## Task objective
Any picture in the data below should be skipped, while every line is repeated exactly.

## Information supplied

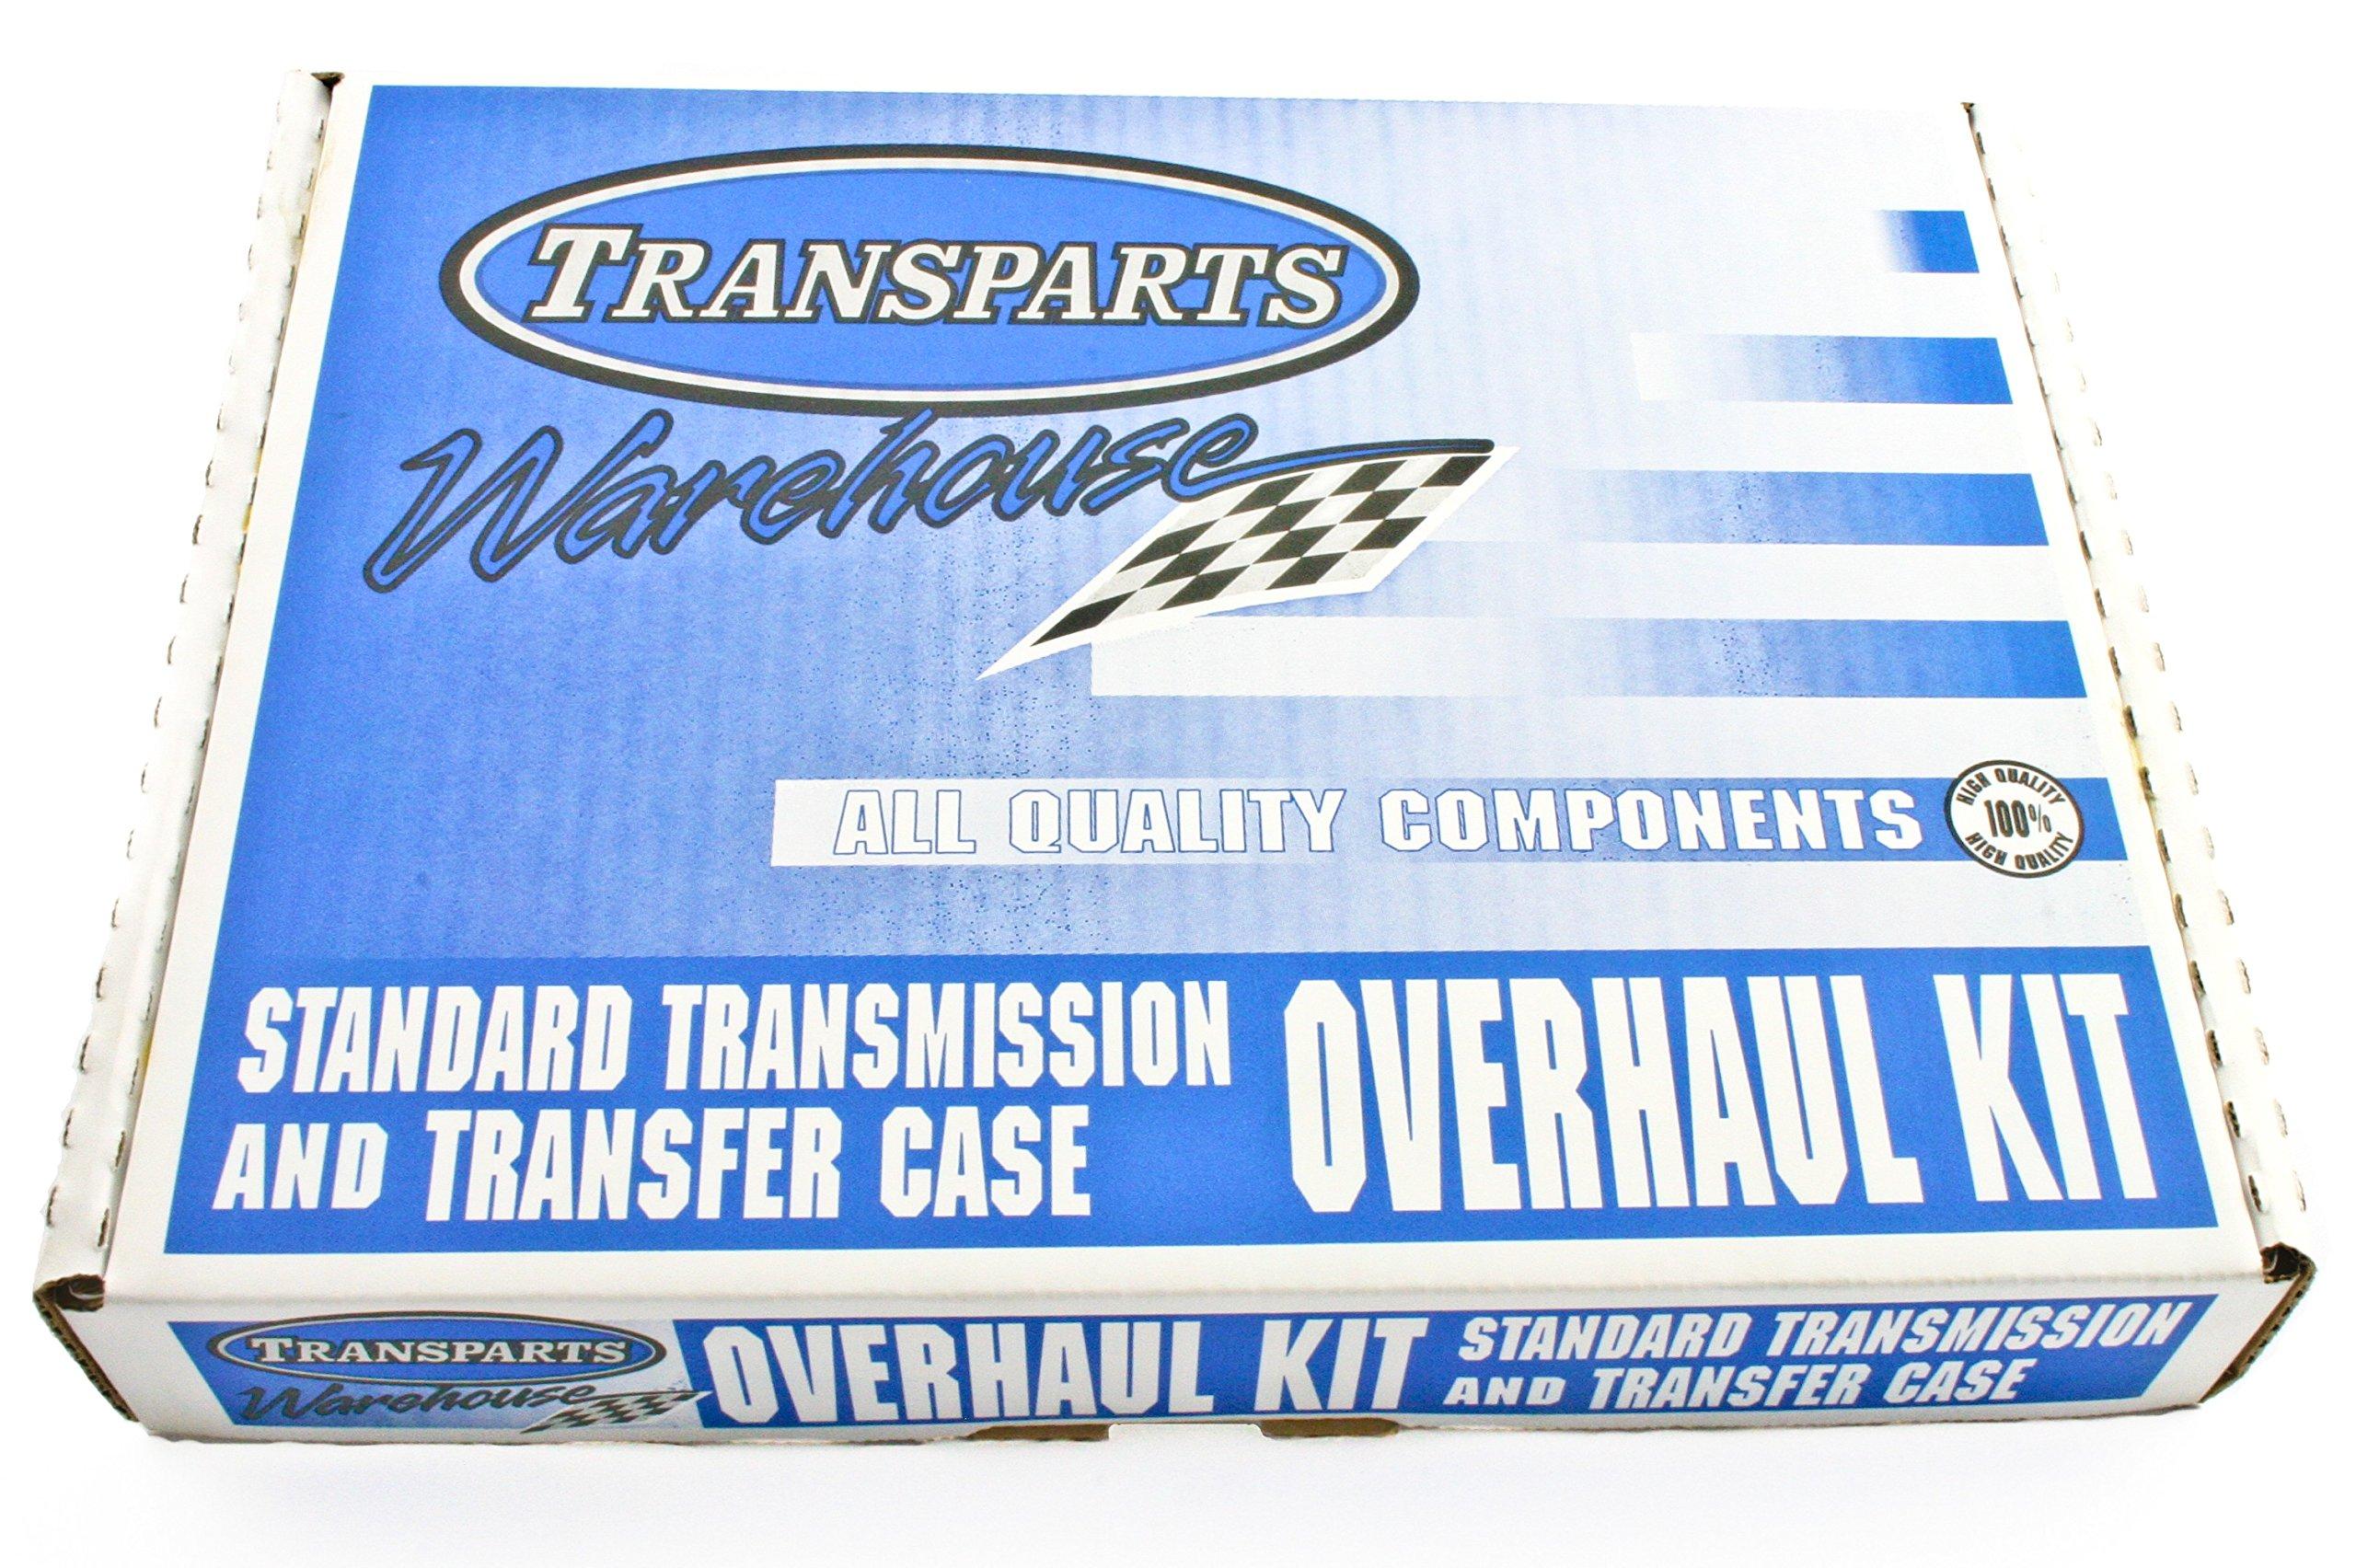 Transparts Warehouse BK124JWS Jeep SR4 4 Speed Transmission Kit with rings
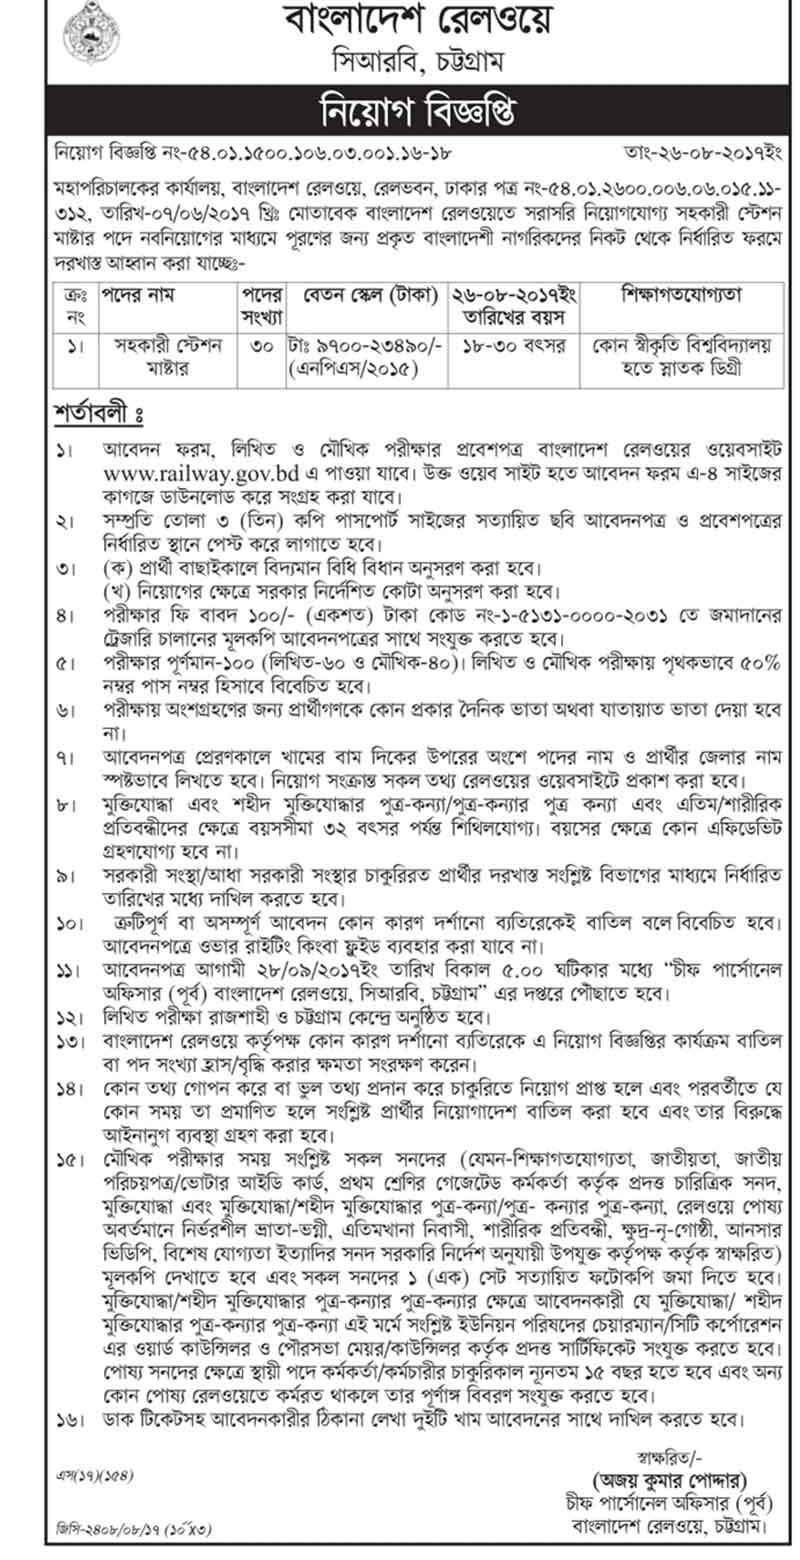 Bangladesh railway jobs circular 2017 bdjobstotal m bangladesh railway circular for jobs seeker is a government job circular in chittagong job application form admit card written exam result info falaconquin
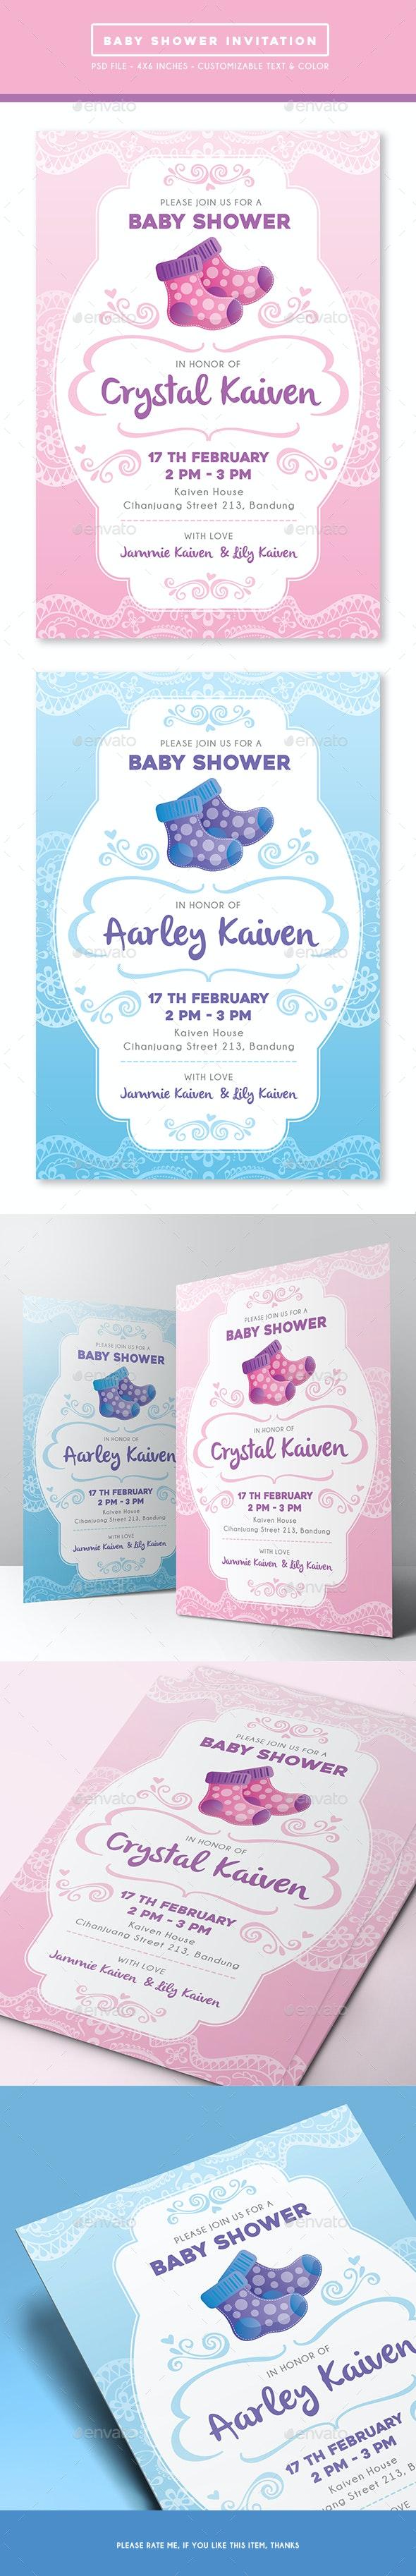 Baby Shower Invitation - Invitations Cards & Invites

## Result of this task
 Transparts Warehouse BK124JWS Jeep SR4 4 Speed Transmission Kit with rings
 Bangladesh railway jobs circular 2017 bdjobstotal m bangladesh railway circular for jobs seeker is a government job circular in chittagong job application form admit card written exam result info falaconquin
 Baby Shower Invitation - Invitations Cards & Invites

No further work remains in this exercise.